• **The task**:
Produce an exact transcription of the listing below, omitting the pictures.

• **Information supplied**:
··········
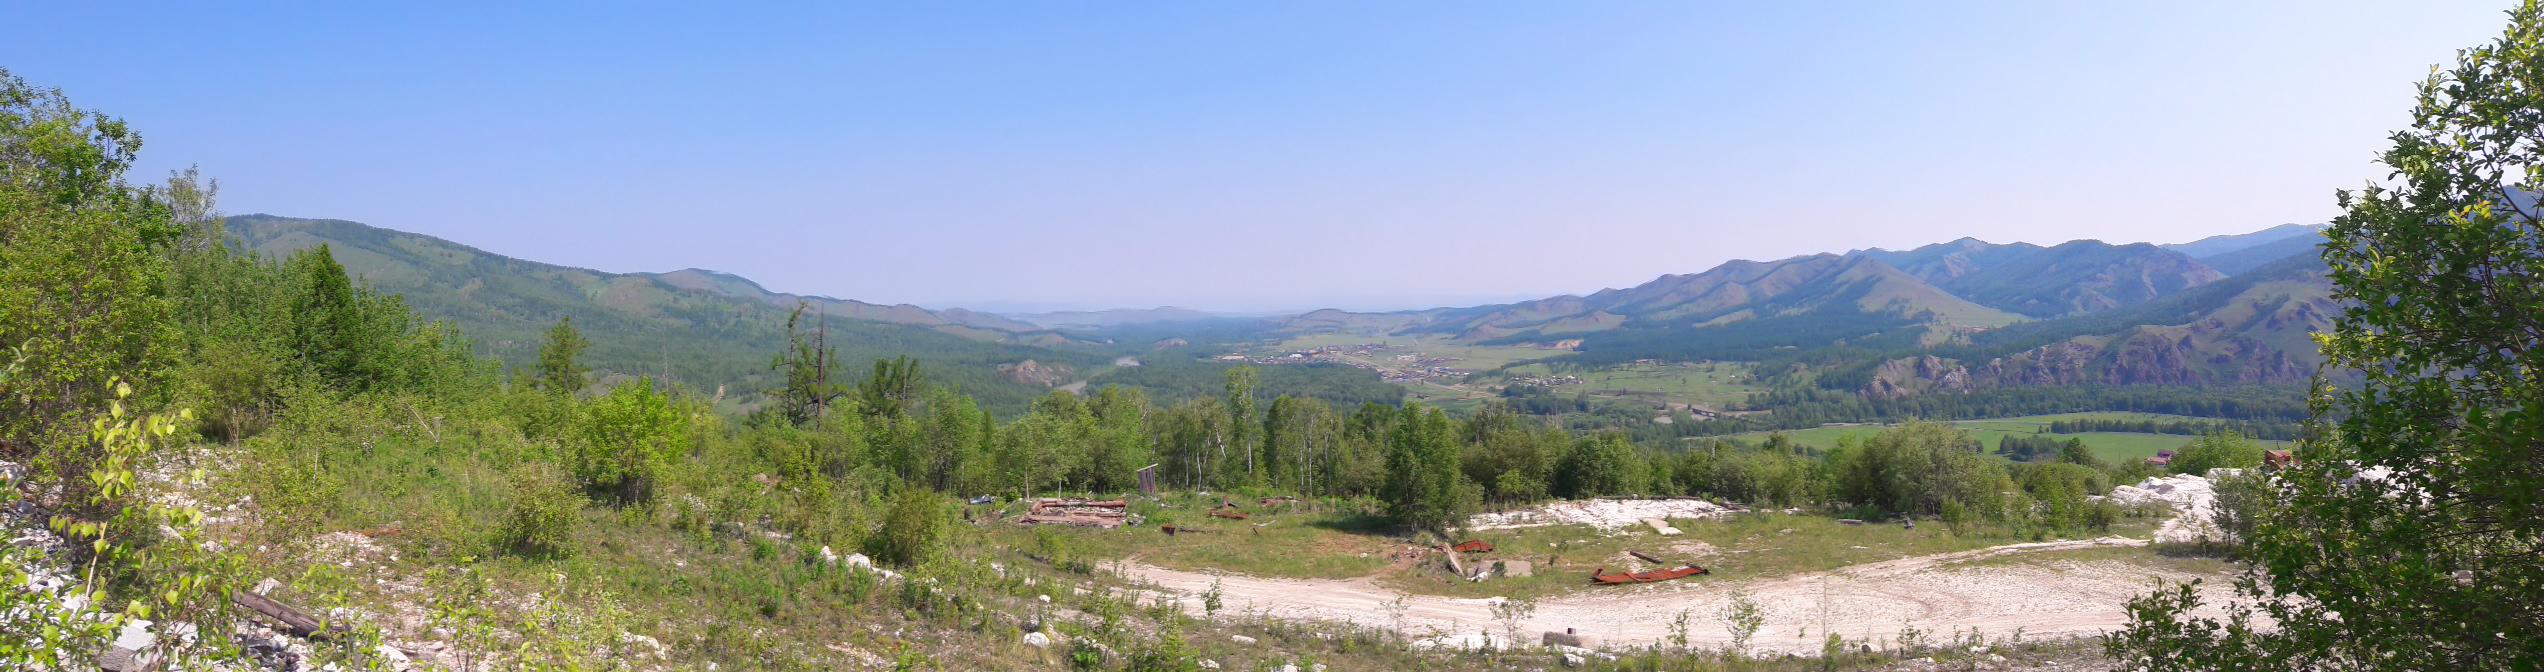 Мраморный карьер в Ефремкино
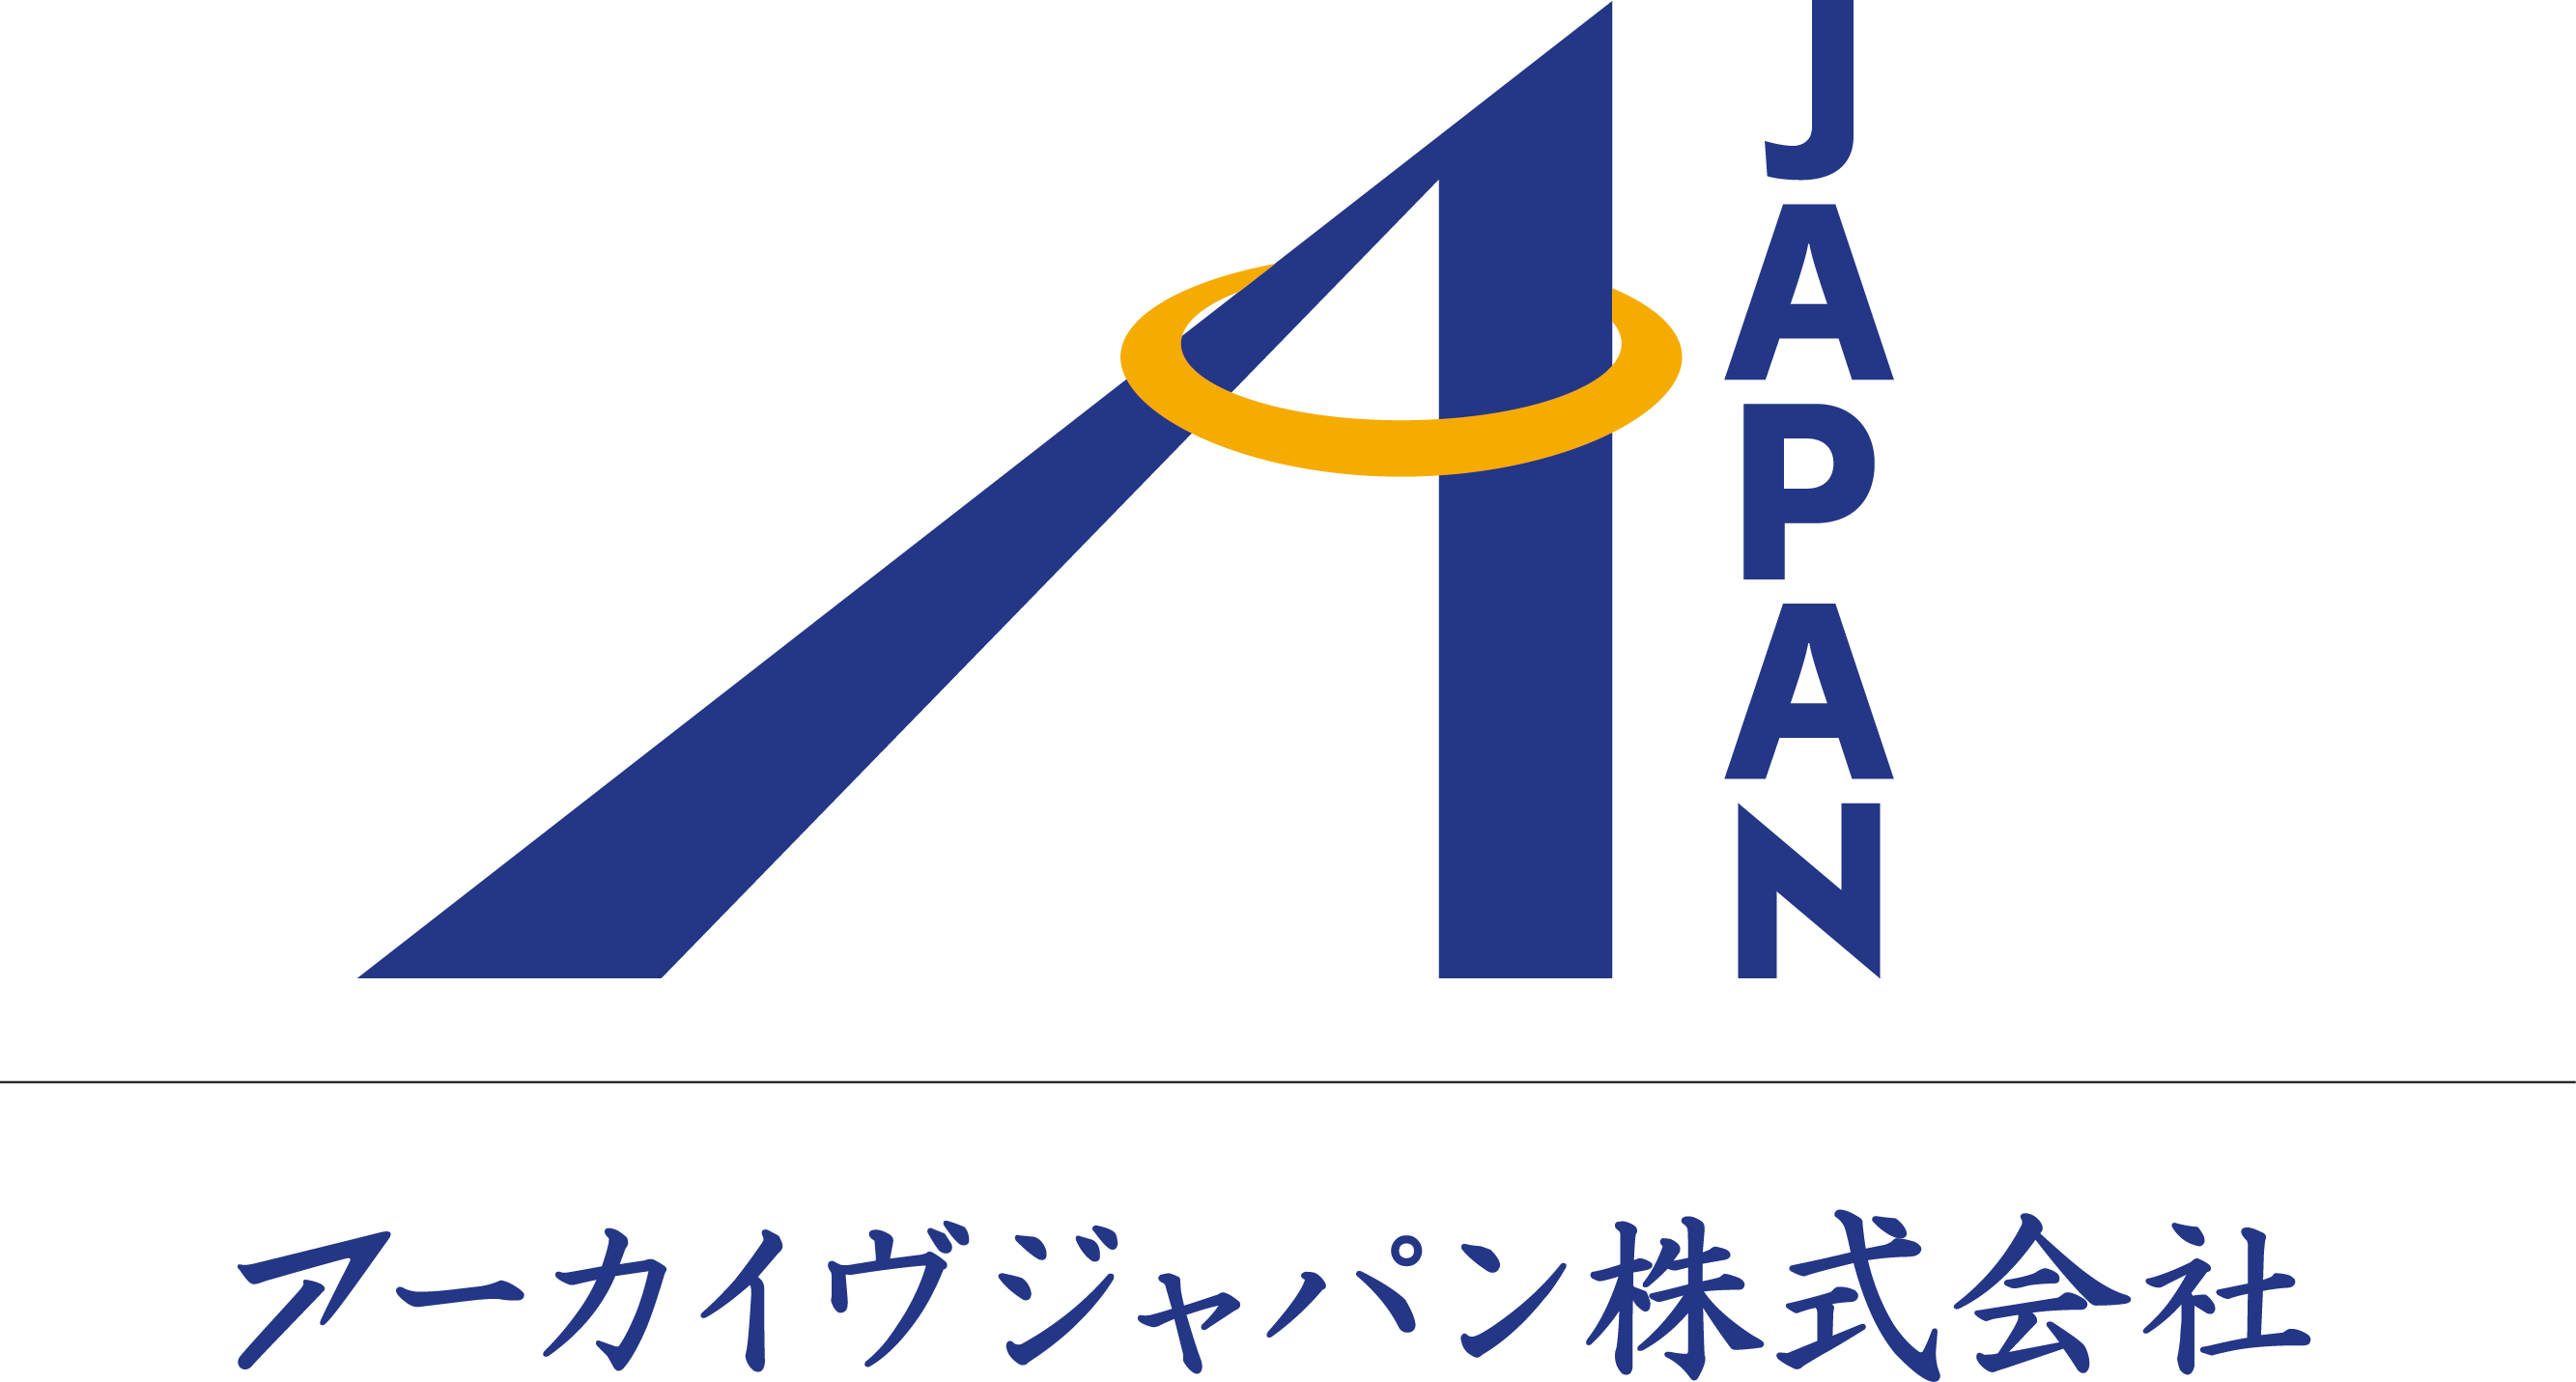 アーカイヴジャパン株式会社
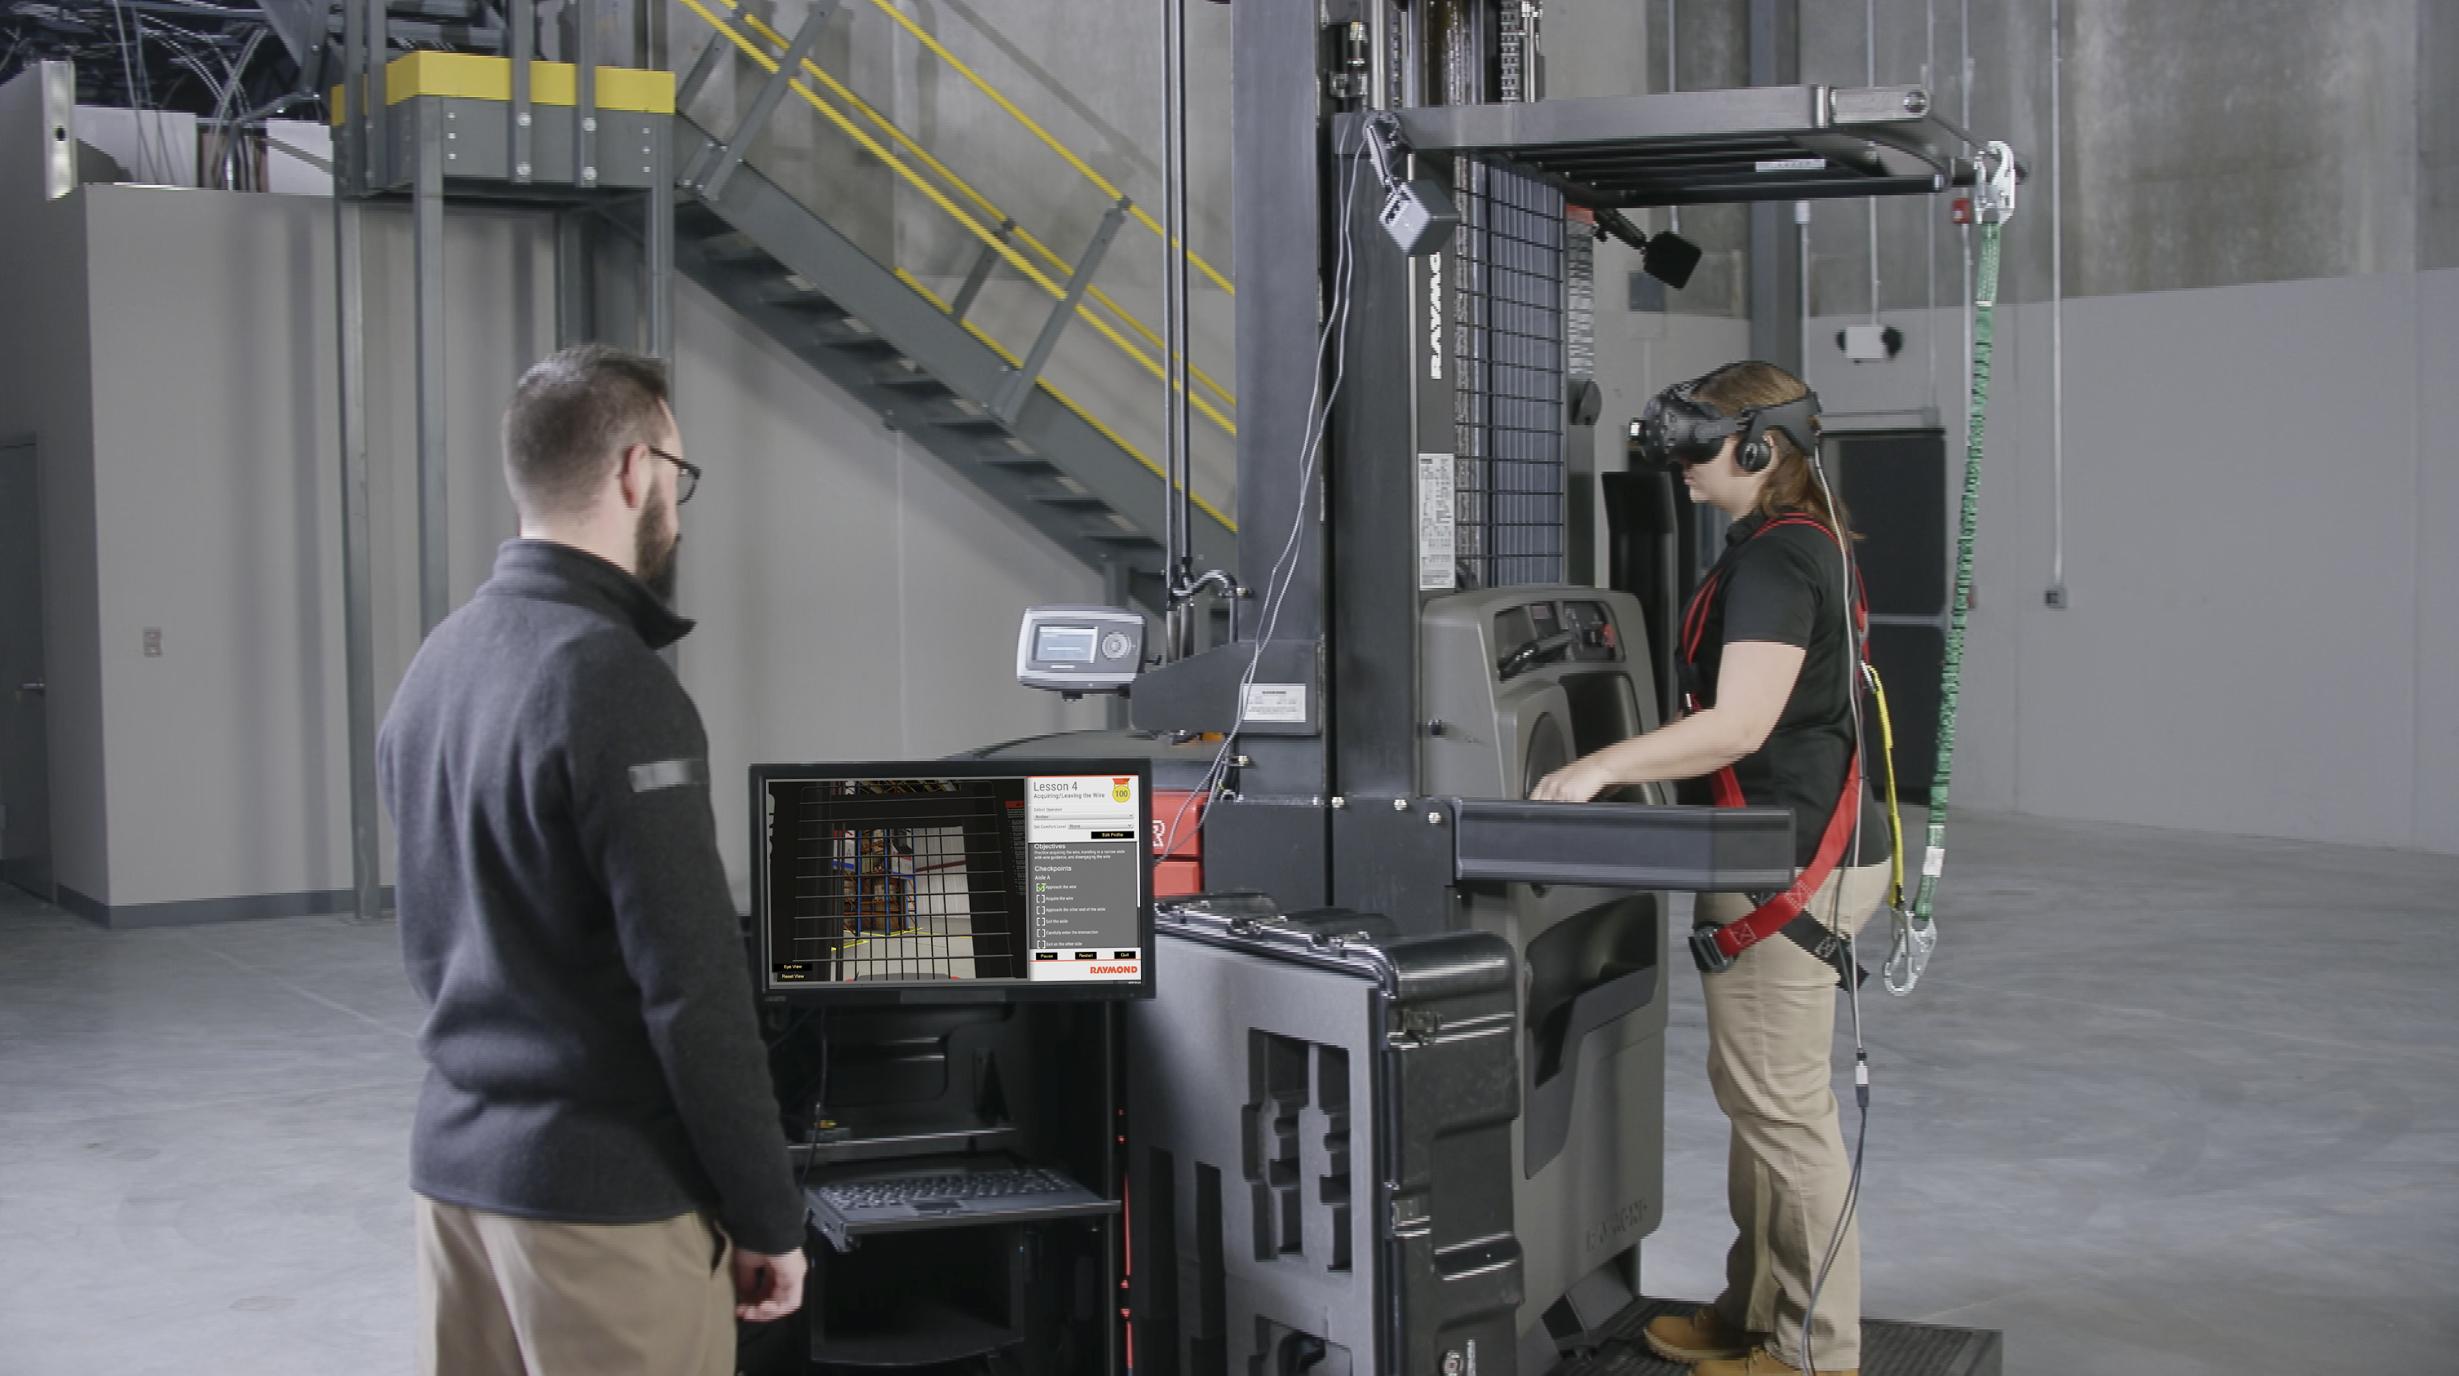 HTC Debuts $1,399 Vive Pro 2 0 Virtual Reality Kit in
··········
• **Result for this task**:
 Мраморный карьер в Ефремкино
 アーカイヴジャパン株式会社
 HTC Debuts $1,399 Vive Pro 2 0 Virtual Reality Kit in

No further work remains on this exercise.